Archivmeldung vom 02.01.2019

Bitte beachten Sie, dass die Meldung den Stand der Dinge zum Zeitpunkt ihrer Veröffentlichung am 02.01.2019 wiedergibt. Eventuelle in der Zwischenzeit veränderte Sachverhalte bleiben daher unberücksichtigt.

Freigeschaltet durch Thorsten Schmitt
Die Insel Sprogø als Zwischenstation der Großer-Belt-Querung
Die Insel Sprogø als Zwischenstation der Großer-Belt-Querung

Foto: Lencer
Lizenz: CC BY-SA 3.0
Die Originaldatei ist hier zu finden.

In Dänemark sind am Mittwoch sechs Menschen bei einem Zugunglück ums Leben gekommen. Das teilte die Polizei mit. Der Vorfall hatte sich am Morgen auf der Brücke über den Großen Belt zwischen den dänischen Inseln Seeland und Fünen ereignet.

Medienberichten zufolge war der Zug, wahrscheinlich ausgelöst durch den aktuellen Sturm, von einem Gegenstand getroffen worden. Daraufhin wurde demnach ein harter Bremsvorgang eingeleitet, der schließlich zum Unglück führte.

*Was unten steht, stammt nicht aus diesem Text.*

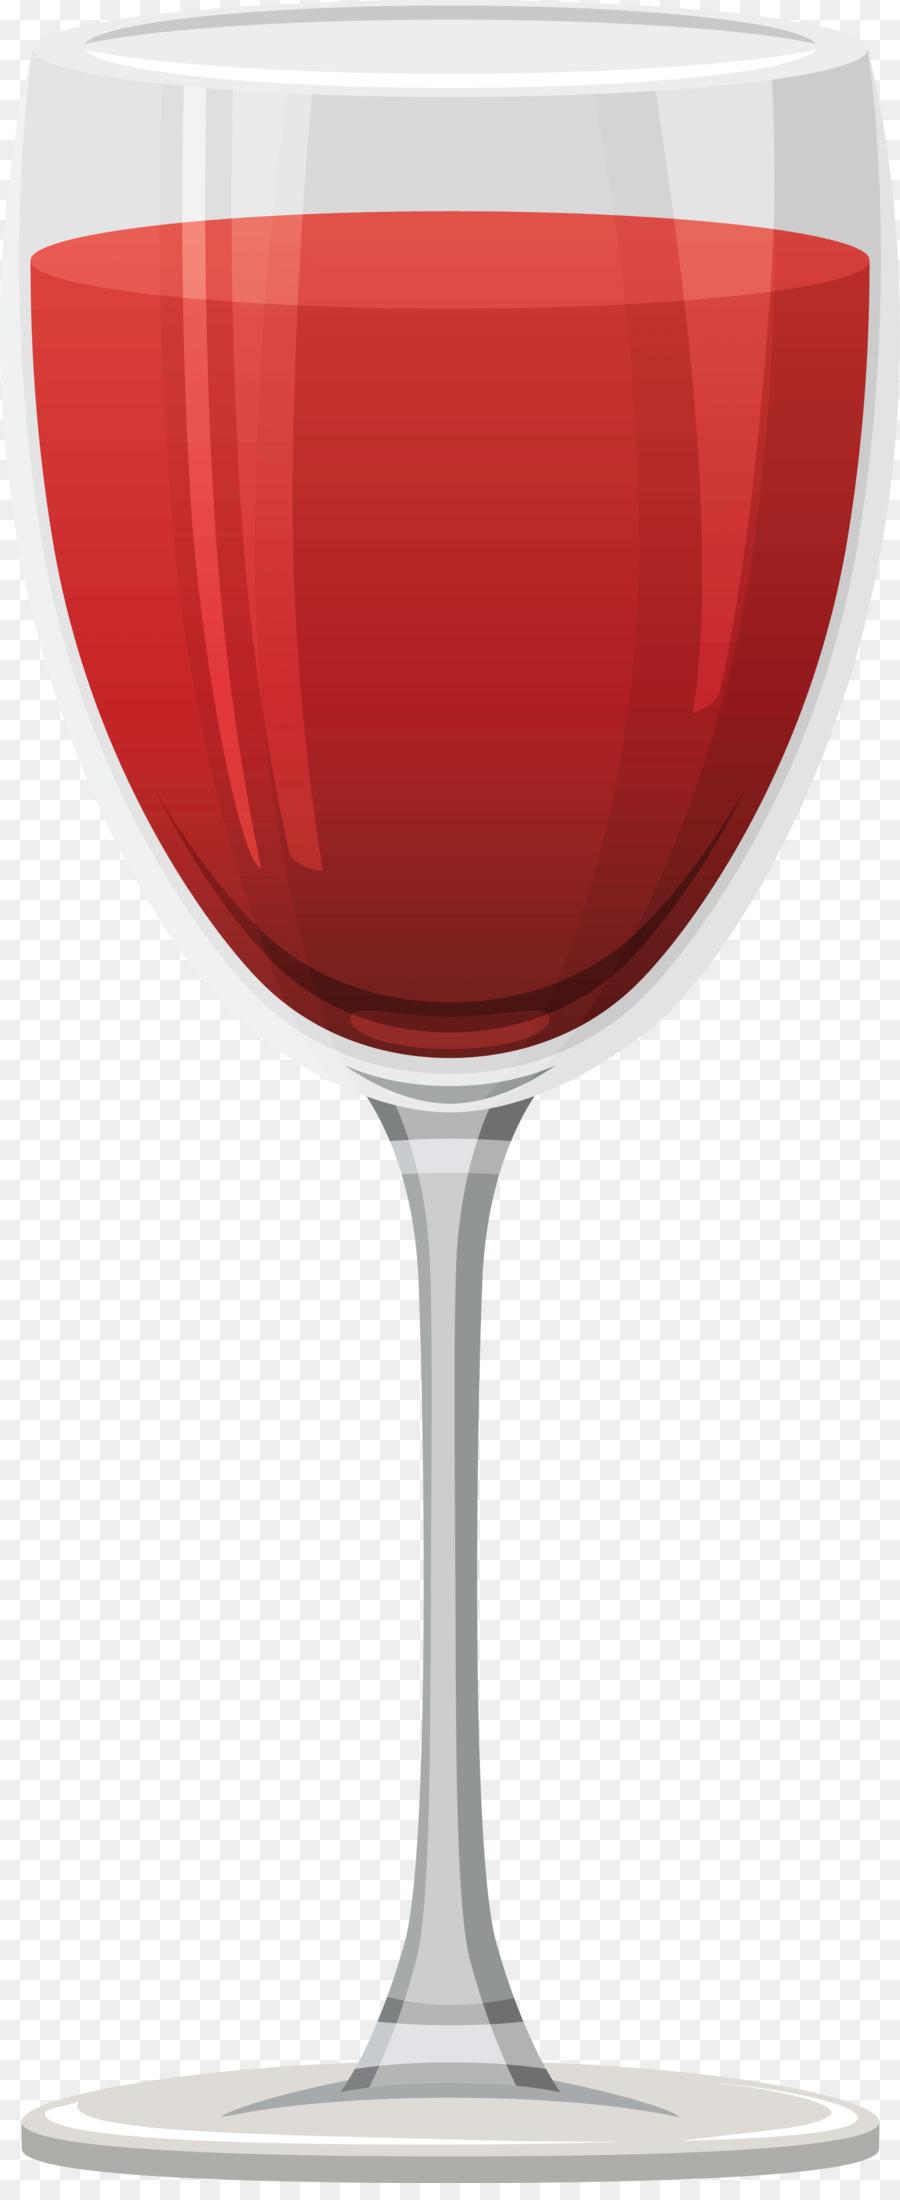 Descarga gratuita de Vino, Copa De Vino, Vidrio imágenes PNG
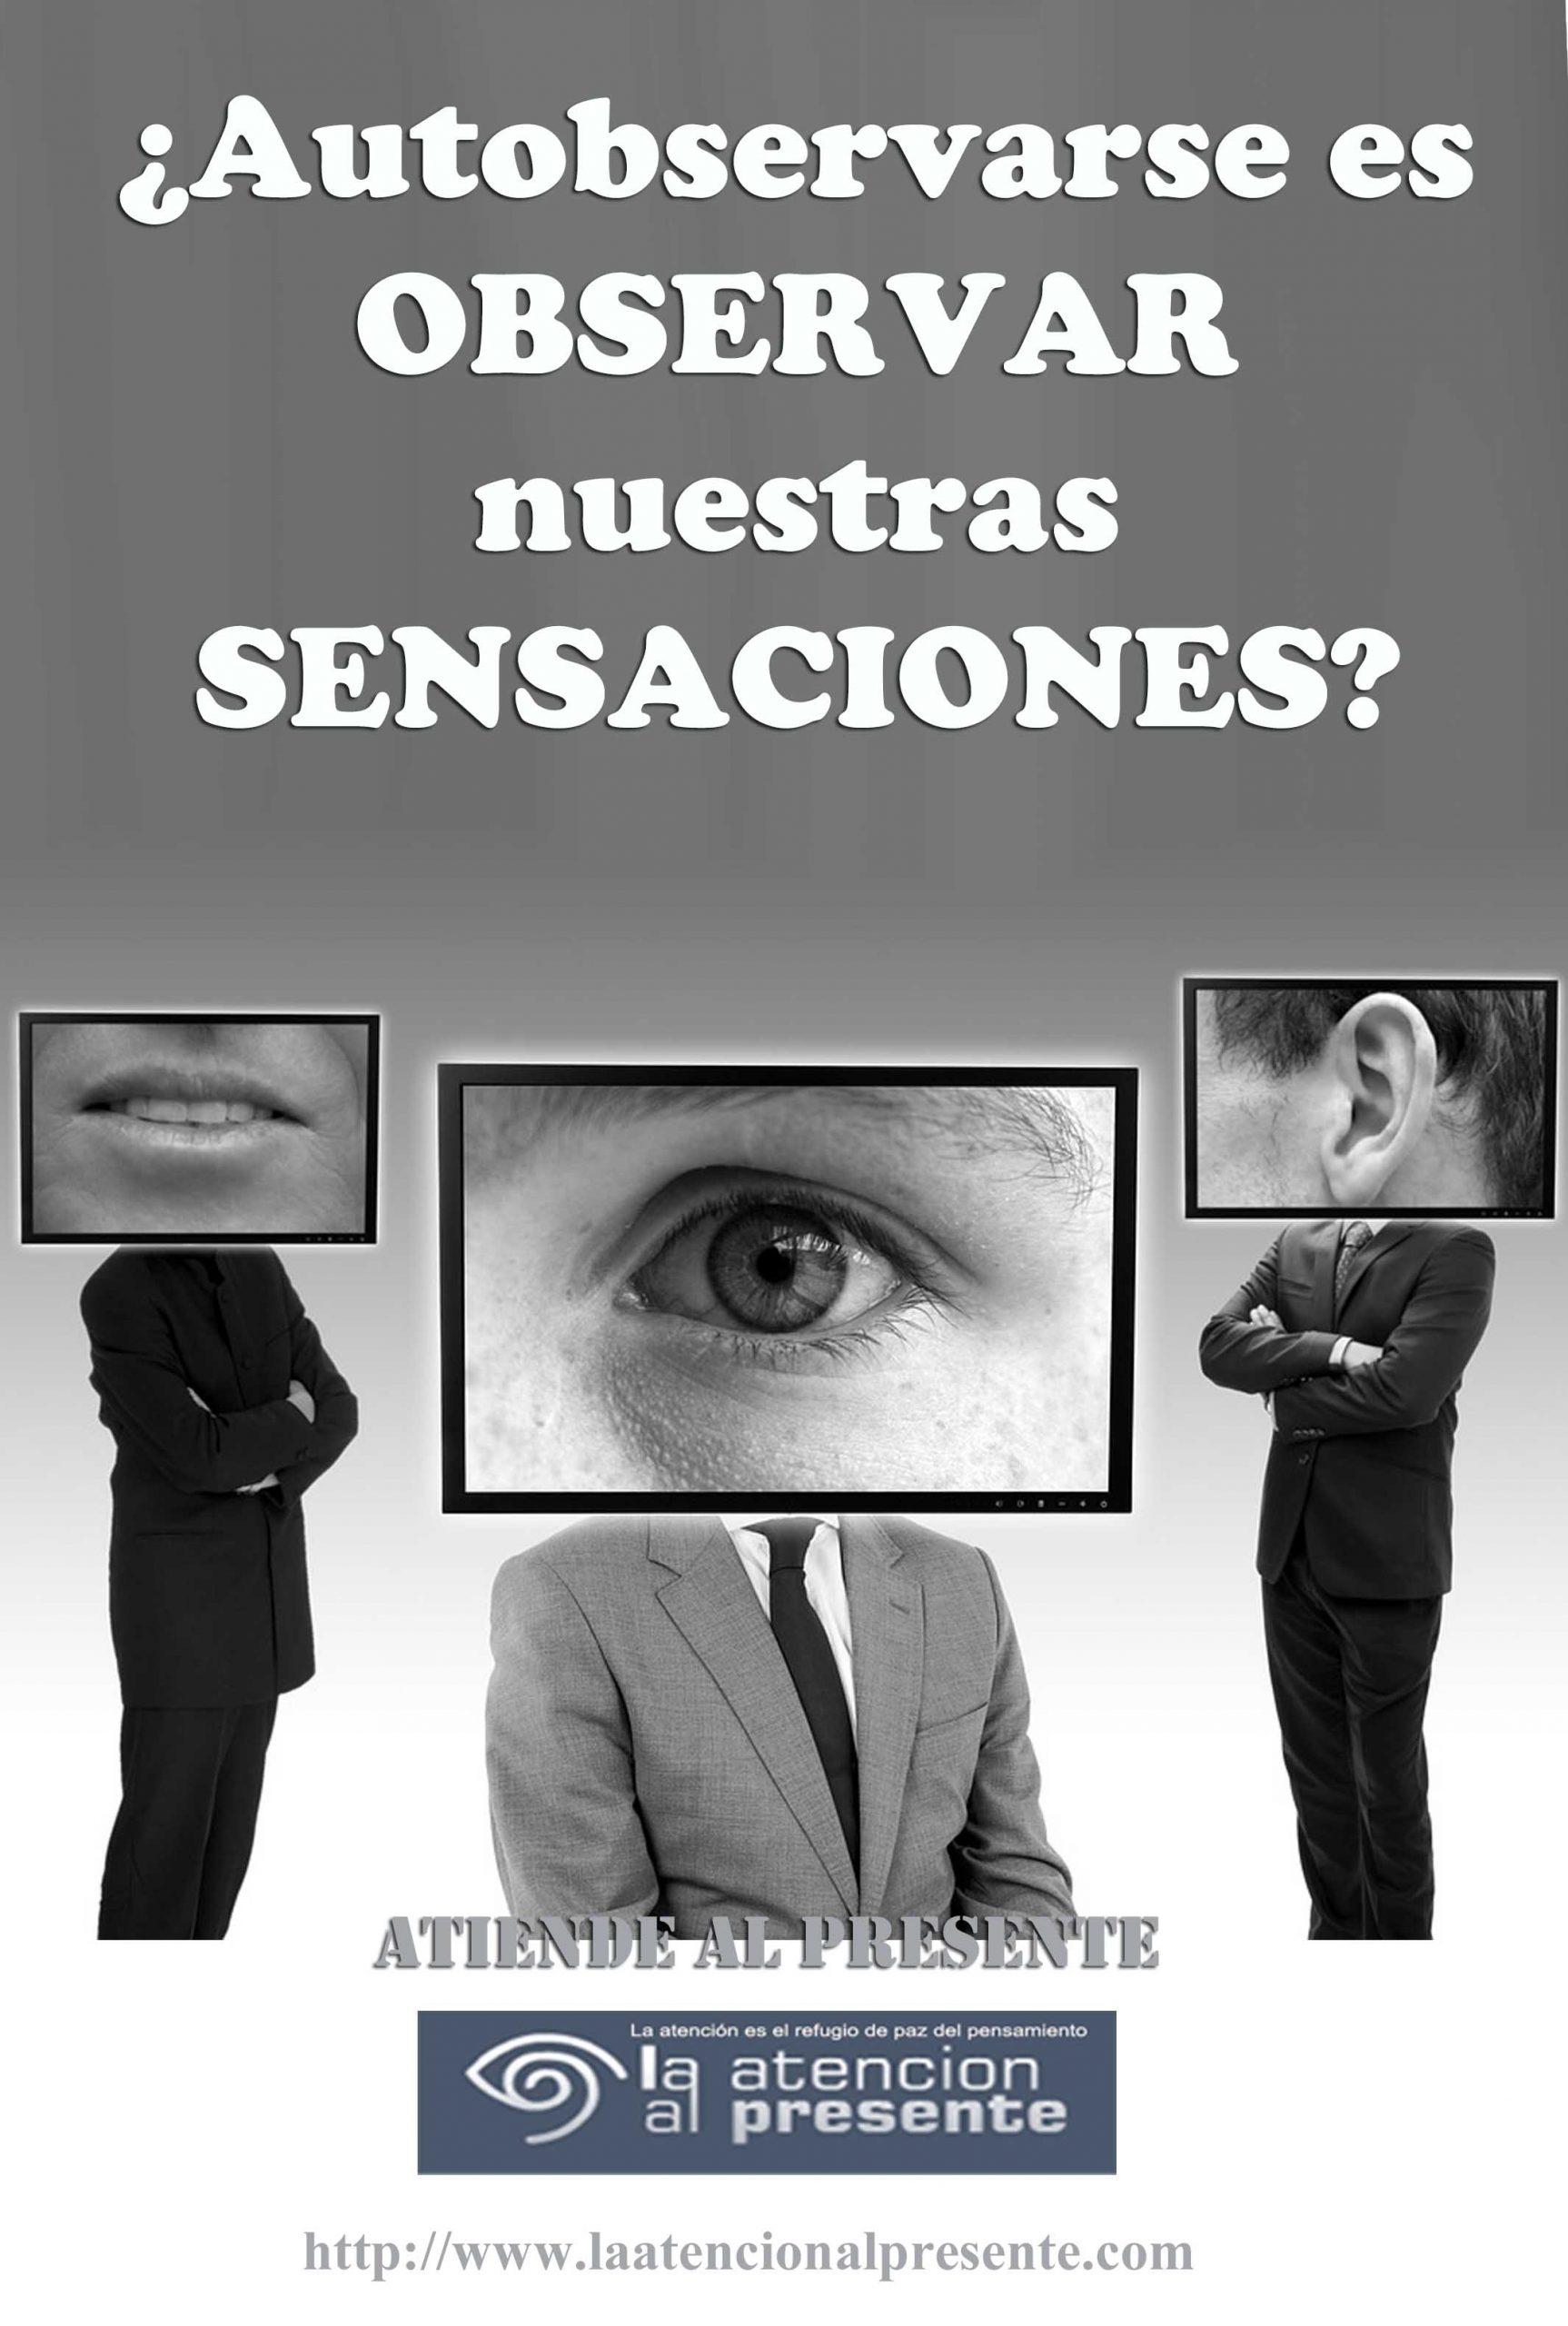 17 de Julio Esteban Autobservarse es OBSERVAR nuestras SENSACIONES min scaled

Über die Identität und die genaue Anzahl der Todesopfer konnte die Polizei zunächst noch keine Angaben machen.

In Nyborg an der Ostküste Fünens wurde ein Evakuierungspunkt für die Passagiere des Zuges eingerichtet. Die Brücke wurde nach dem Unfall gesperrt.

Die Brücke über den Großen Belt und die Öresundbrücke zwischen Dänemark und Schweden sind wegen heftigen Windes für den Autoverkehr gesperrt. Züge durften den Belt jedoch passieren.

Heftiger Wind hatte zuvor in weiten Teilen Skandinaviens zu Stromausfällen und Verkehrsbehinderungen geführt. Auch der Fährverkehr wurde vom Sturm beeinträchtigt.

Gegen Mittag wurde die Brücke aber wieder in eine Richtung für den Autoverkehr freigegeben. Die Polizei rief die Autofahrer auf, beim Vorbeifahren keine Fotos oder Videos von dem Unglücksort zu machen.